I like this but I think thought is the basis of speech. Or at least should be.
It doesn’t seem to be. Without words to express an idea, we don’t seem to be able to form the thought behind the idea. This is why people can’t see colors until they learn the word for it.
This is also why ceding the linguistic domain to radical ideologues (either on the right or left) always results in the deaths of millions. The question: “What is a woman?” is not simply reductive but foundational in uniting people.
I would say without the use of words we cannot articulate an idea. I acknowledge that through the use of words we likely refine ideas but without an idea words are just gibberish. Use of words necessarily involves the thought process, which is examination of or evolution of an idea. I think people who are mute have ideas, even in the absence of writing. Prior to the evolution of speech out forebears had ideas. I certainly agree that ceding the linguistics domain to radical idealogues is a problem. Nor do I believe that "words are violence". I am not a scholar of linguistics but I find the subject fascinating.
I agree truth is not easily defined but my point was that to be Christian, or Muslim or Jewish and maybe other religions, you must first pass the faith hurdle. Do you believe or accept the idea that a Creator is possible? If you do then you go on to believe in a broad range of things that cannot be proven by tools at our disposal at this time and place.

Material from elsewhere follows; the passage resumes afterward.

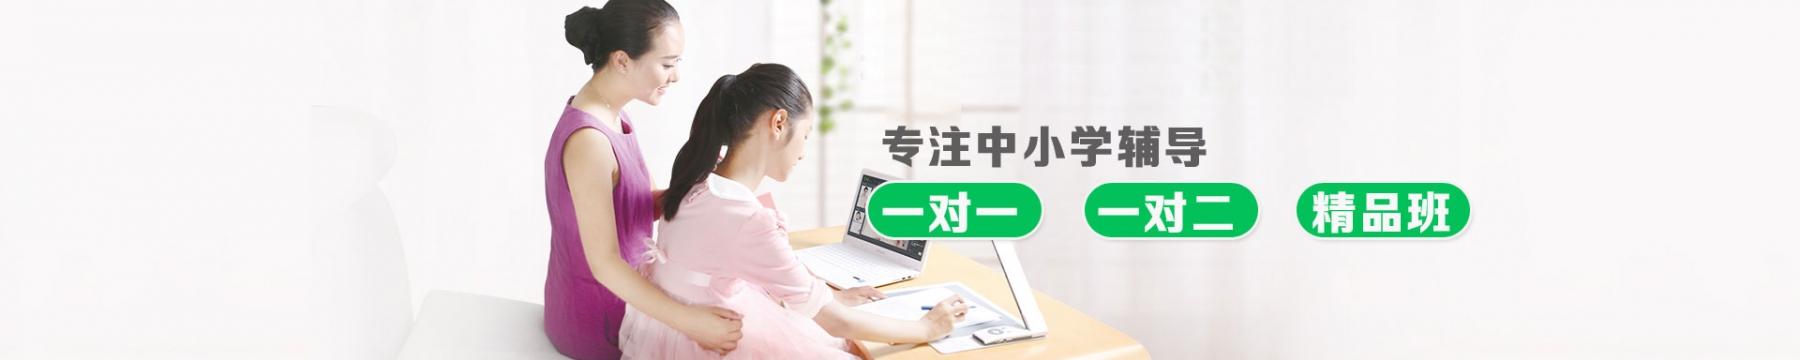 广州华实教育

Thanks for the thoughtful reply Lynne- perhaps going down the rabbit hole on "What is Truth?" is not something we're likely to resolve before next Christmas. But truth and purpose are inextricably linked.
How does the 21st century rational individual process the exponentially increasing reams of information (some true, some warped, some even malicious) and forge a meaningful life? The answer is not obvious to me.
You are most welcome and the sentiment is reciprocated. I get hung up on your truth and purpose being inextricably linked. But for some, several of whom have so opined on CP and TFP, they cannot accept that there is a Creator so they cannot accept the "truth" of Christianity, Islam or Judaism for example. For the followers of those religions they cannot deny those "truths". So there is something of a dichotomy. I went through it myself as a young person but I had that epiphany, that aha moment when I was way over-thinking it as it is really vrry simple. Faith is not subject to proof. That is why it is called faith. But once you accept that you pretty much see it everywhere. I am pretty self-centered so for me I began to question the existence of evil. Which led to if there is evil, and I think there is, is there good and if so what is the embodiment of it? I was always what I think of as a cultural Christian so it just meant reverting to form for me. Also I am Baptist royalty, meaning every place my people went as soon as the house and barn were finished a church was built. Baptists believe you are virtuous because you are saved, not to be saved. While I am not a practicing Baptist, that is what I contribute my innate desire to be good to. Not that I always succeed.
Agree. But cackles wasn't speaking in that context. She was advocating a fluid truth, which is the bedrock of her party's lunacy.
Of course, the real issue there is that, although they advertise that every person's "truth" is equally true, they don't really believe that. The validity of your truth is directly proportional to your place on the political correctness scale.